I created a module test
which contains 2 files (a.txt
and b.txt
). a.txt
contains some text and b.txt
is a symlink to a.txt
.
.../astrality/modules/test
|
|-- a.txt
'-- b.txt -> a.txt
Then I perform a symlink for the b.txt
file as defined by the following modules.yml
file.
test:
on_startup:
symlink:
- content: b.txt
target: $HOME/test/b.txt
and it correctly creates a symlink b.txt
as follows in the $HOME/test
directory
$HOME/test
|
'-- b.txt -> .../astrality/modules/test/b.txt
It also works correctly upon subsequent re-runs of the astrality
command.
Let's discuss this further in the Gitter room so that we can have an easier conversation.
The difference between your setup and mine is that you define the action on a single file. My action was something like this:
stow:
content: 'modules/nvim/stow'
templates: 't\.(.+)'
target: '~/.config/nvim'
It seems like the file handling is not quite the same, although I have not investigated it further.
I had this case: a module (vim) containing two files (init.vim and vimrc), vimrc being a symlink -> init.vim. Uppon stow, \~/.vim/vimrc points to the correct file (modules/vim/.../vimrc).

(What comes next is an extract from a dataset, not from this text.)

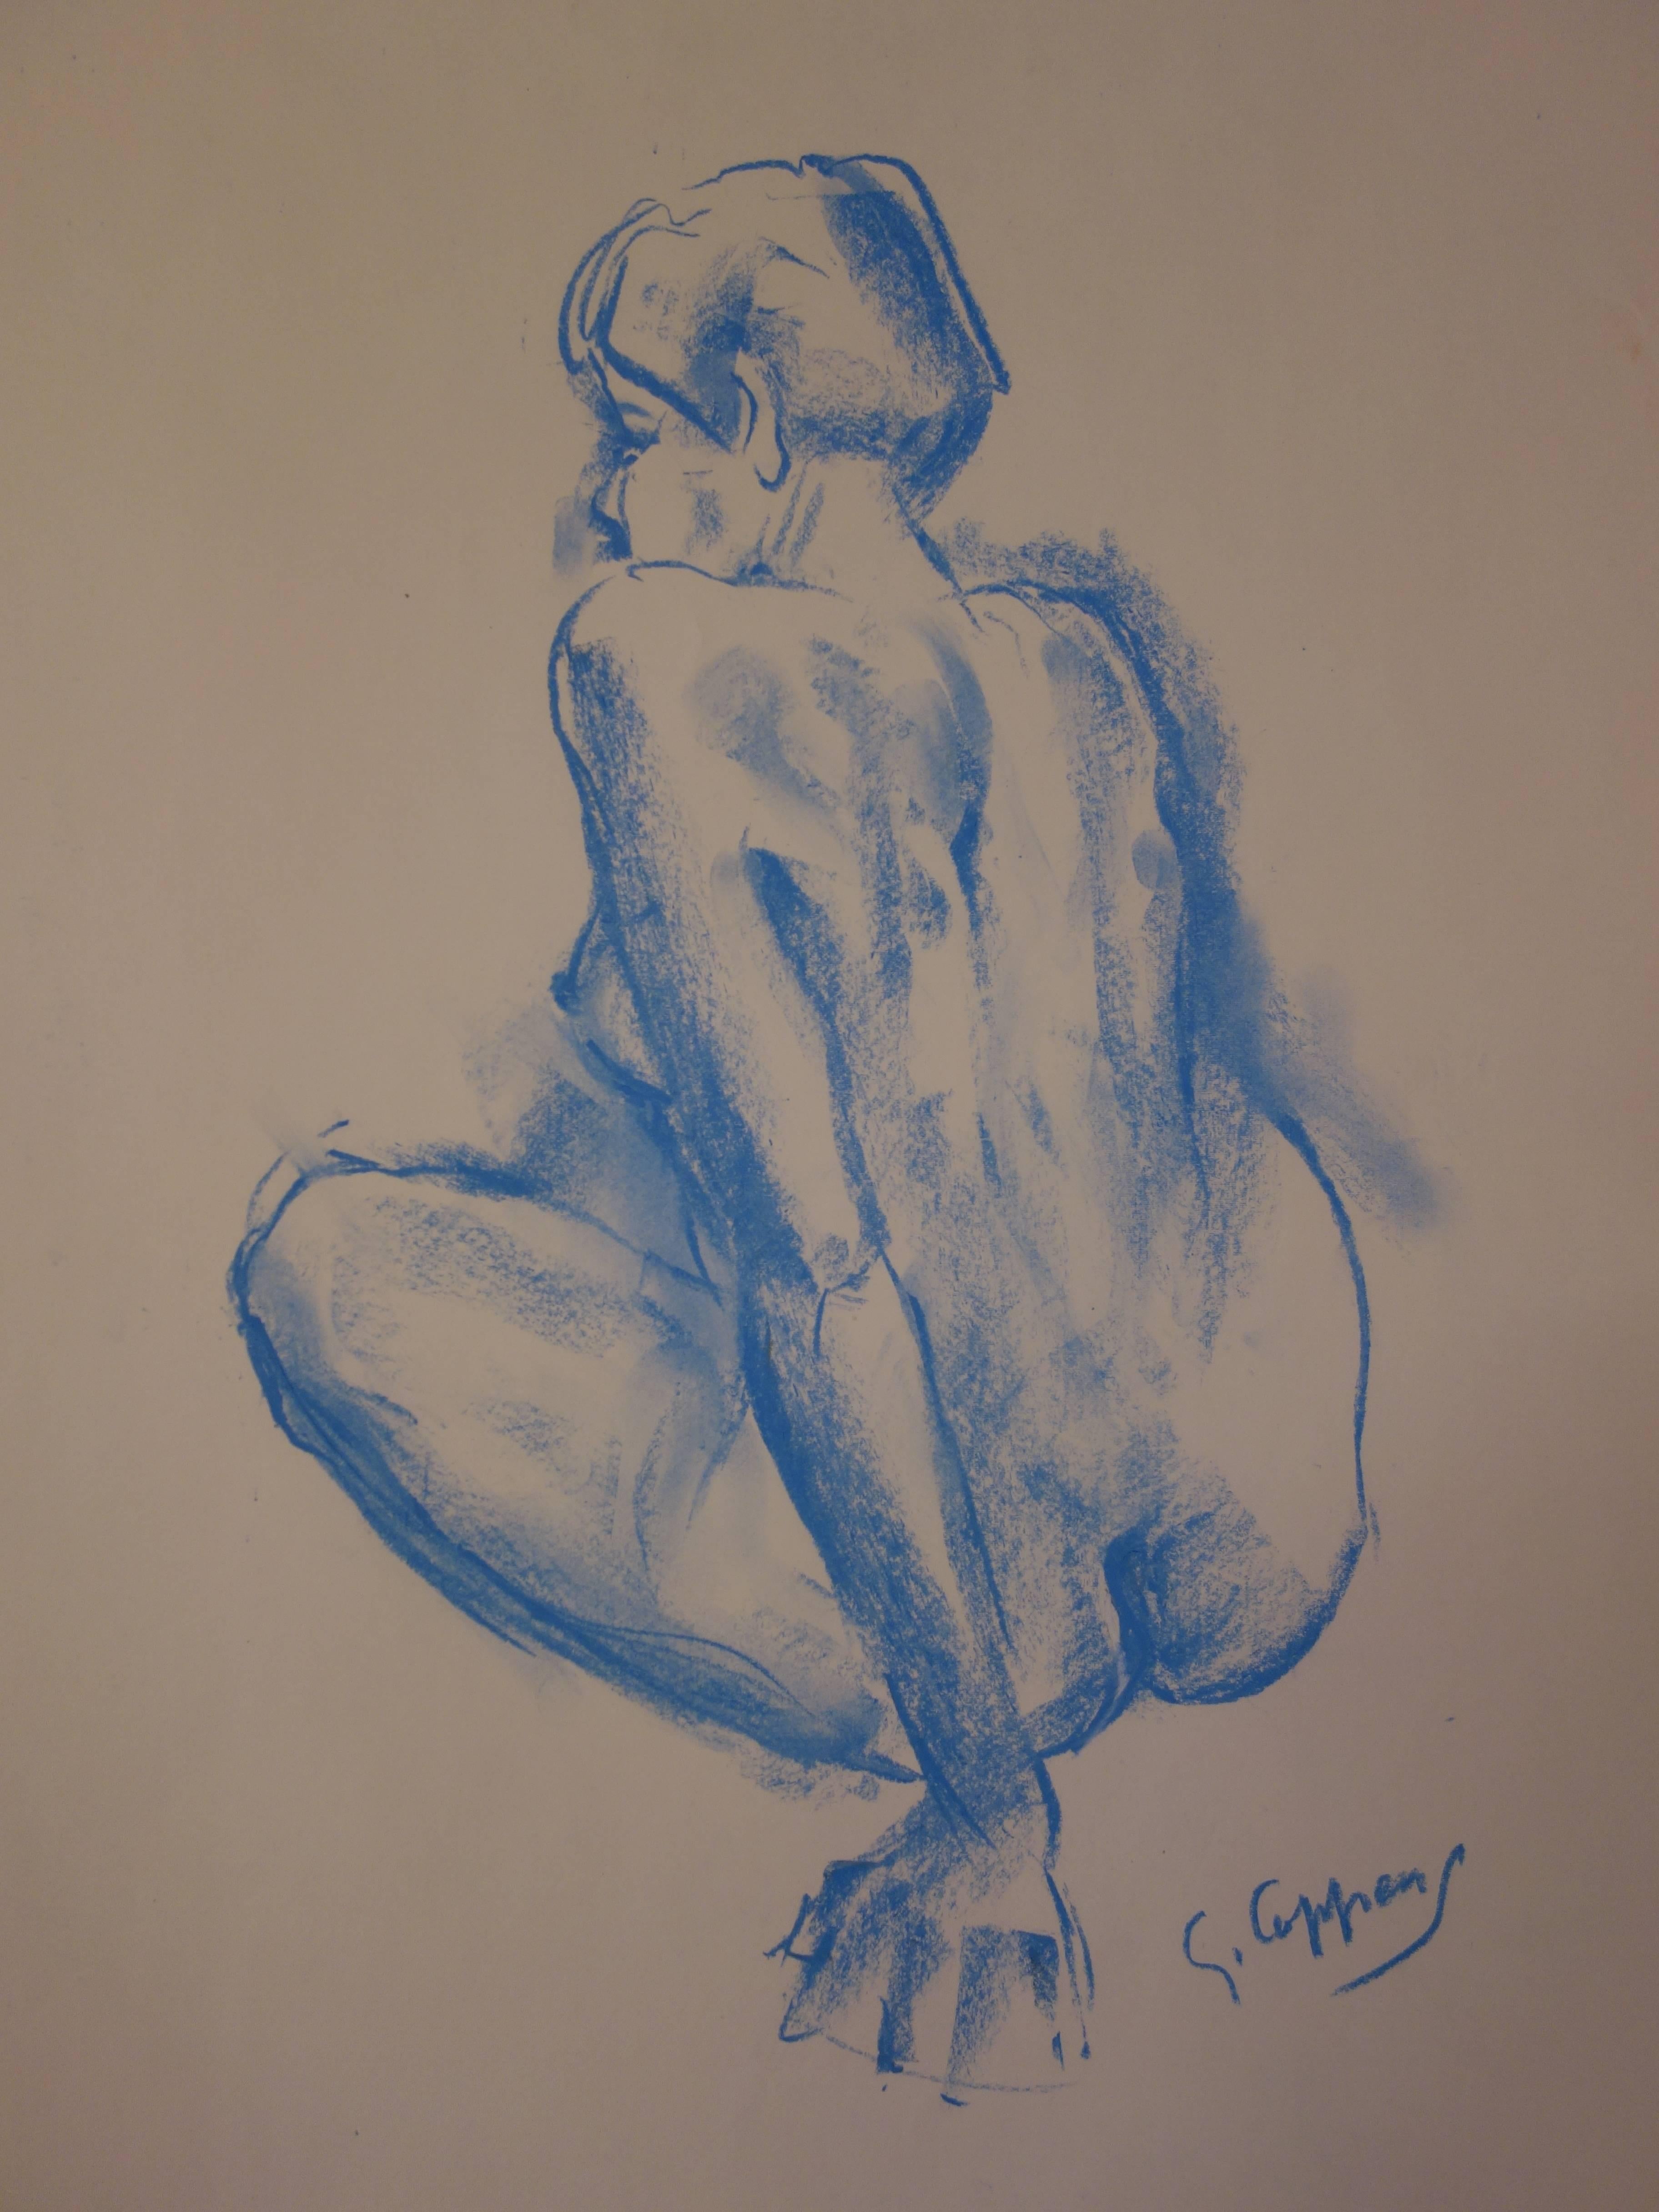 Model Getting Up - Original signed charcoals drawing - Modern Art by Gaston Coppens

Uppon restow, the symlink action wouldn't recognize the link was already there because only the target part was being resolved (~/.vim/vimrc -> modules/vim/.../vimrc -> modules/vim/.../init.vim) and compared against the content (modueles/vim/.../vimrc). This produced an error on line 402 uppon re-symlinking.
I'm not sure this is the best solution and that it doesn't introduces new bugs.